Il y a quelques mois de cela, la loi n° 2024-537, du 13 juin 2024, visant à accroître le financement des entreprises et l’attractivité de la France N° Lexbase : L5923MMC (B. Dondero, Loi visant à accroître le financement des entreprises et l’attractivité de la France : mesures de droit des sociétés, Lexbase Affaires, juillet 2024, n° 801 N° Lexbase : N9823BZT) a introduit un ensemble de mesures destinées à assouplir les modalités de délibération des décisions collectives des associés et des conseils et organes délibérants.

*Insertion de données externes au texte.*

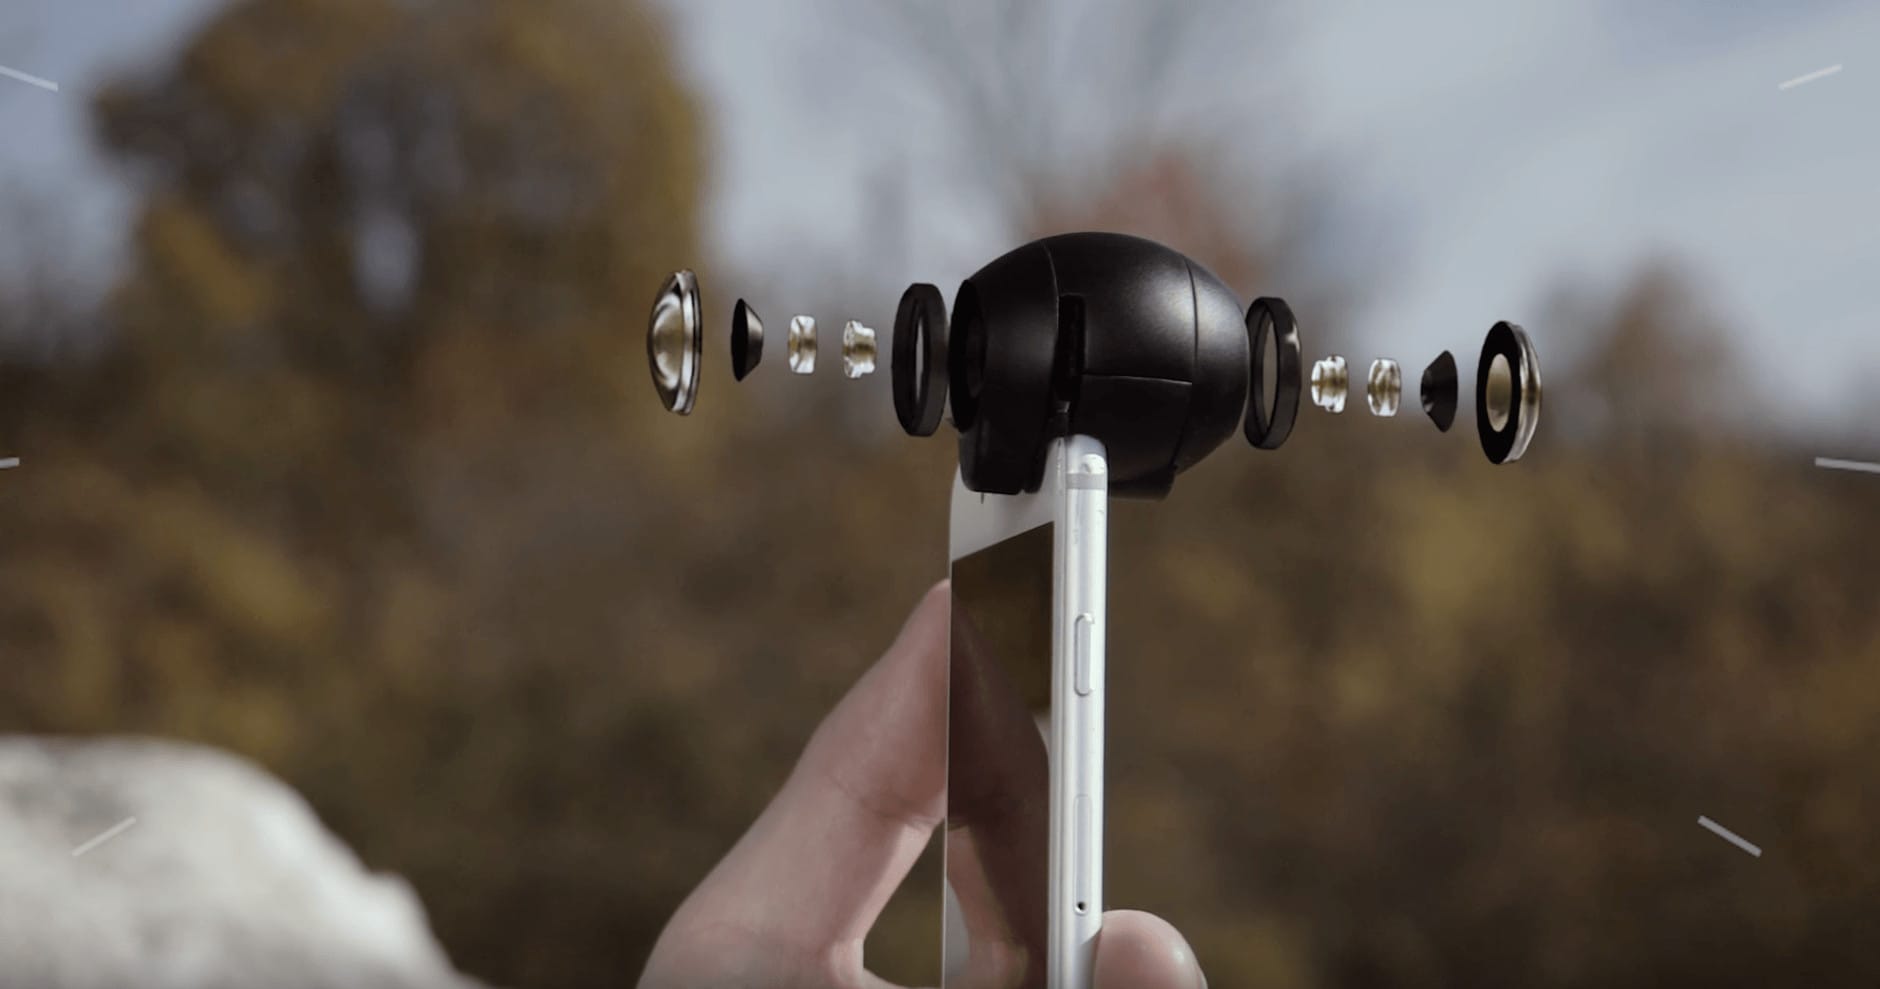 Fishball 360-degree video lens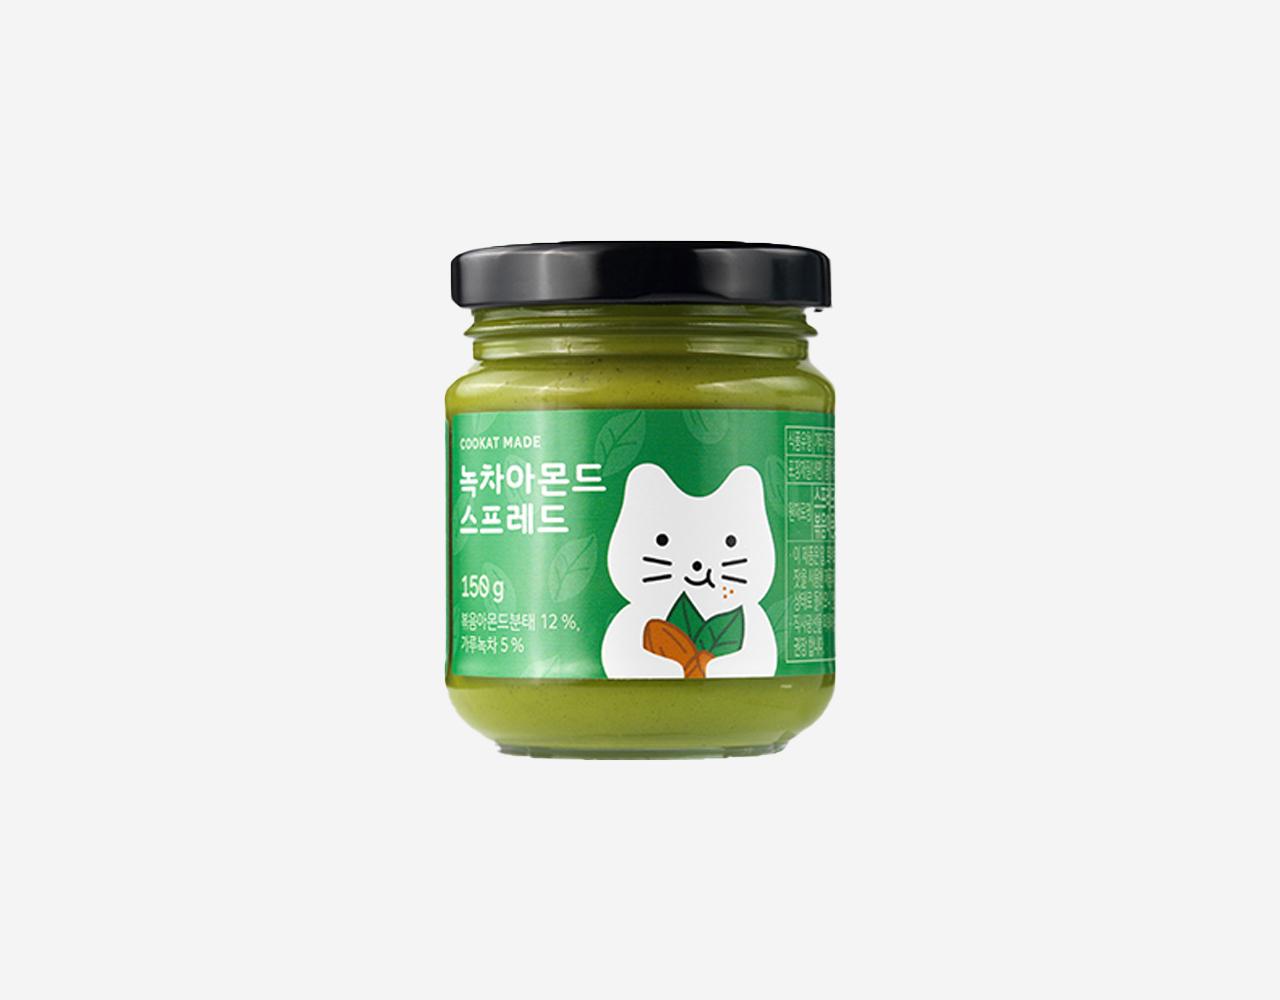 韓国人気スプレッド 抹茶アーモンド味(150g)

C’est donc dans la continuité de l’article 18 de cette loi que le décret n° 2024-904, du 8 octobre 2024, indique, si les statuts prévoient cette possibilité, les mentions que doivent comporter les formulaires de vote par correspondance des associés de sociétés à responsabilité limitée, des administrateurs ou membres de conseil de surveillance de sociétés anonymes ou de sociétés en commandite par actions (art. 2).
Il précise également, pour les sociétés cotées, les conditions dans lesquelles sont réputés présents, pour le calcul du quorum et de la majorité, les membres des organes de décision qui participent à leurs réunions par un moyen de télécommunication permettant leur identification (art. 3 et 4).
Enfin, le décret prévoit les modalités de retransmission, d'enregistrement et de consultation des assemblées de sociétés cotées (art. 5).
Le texte entre en vigueur le 11 octobre 2024.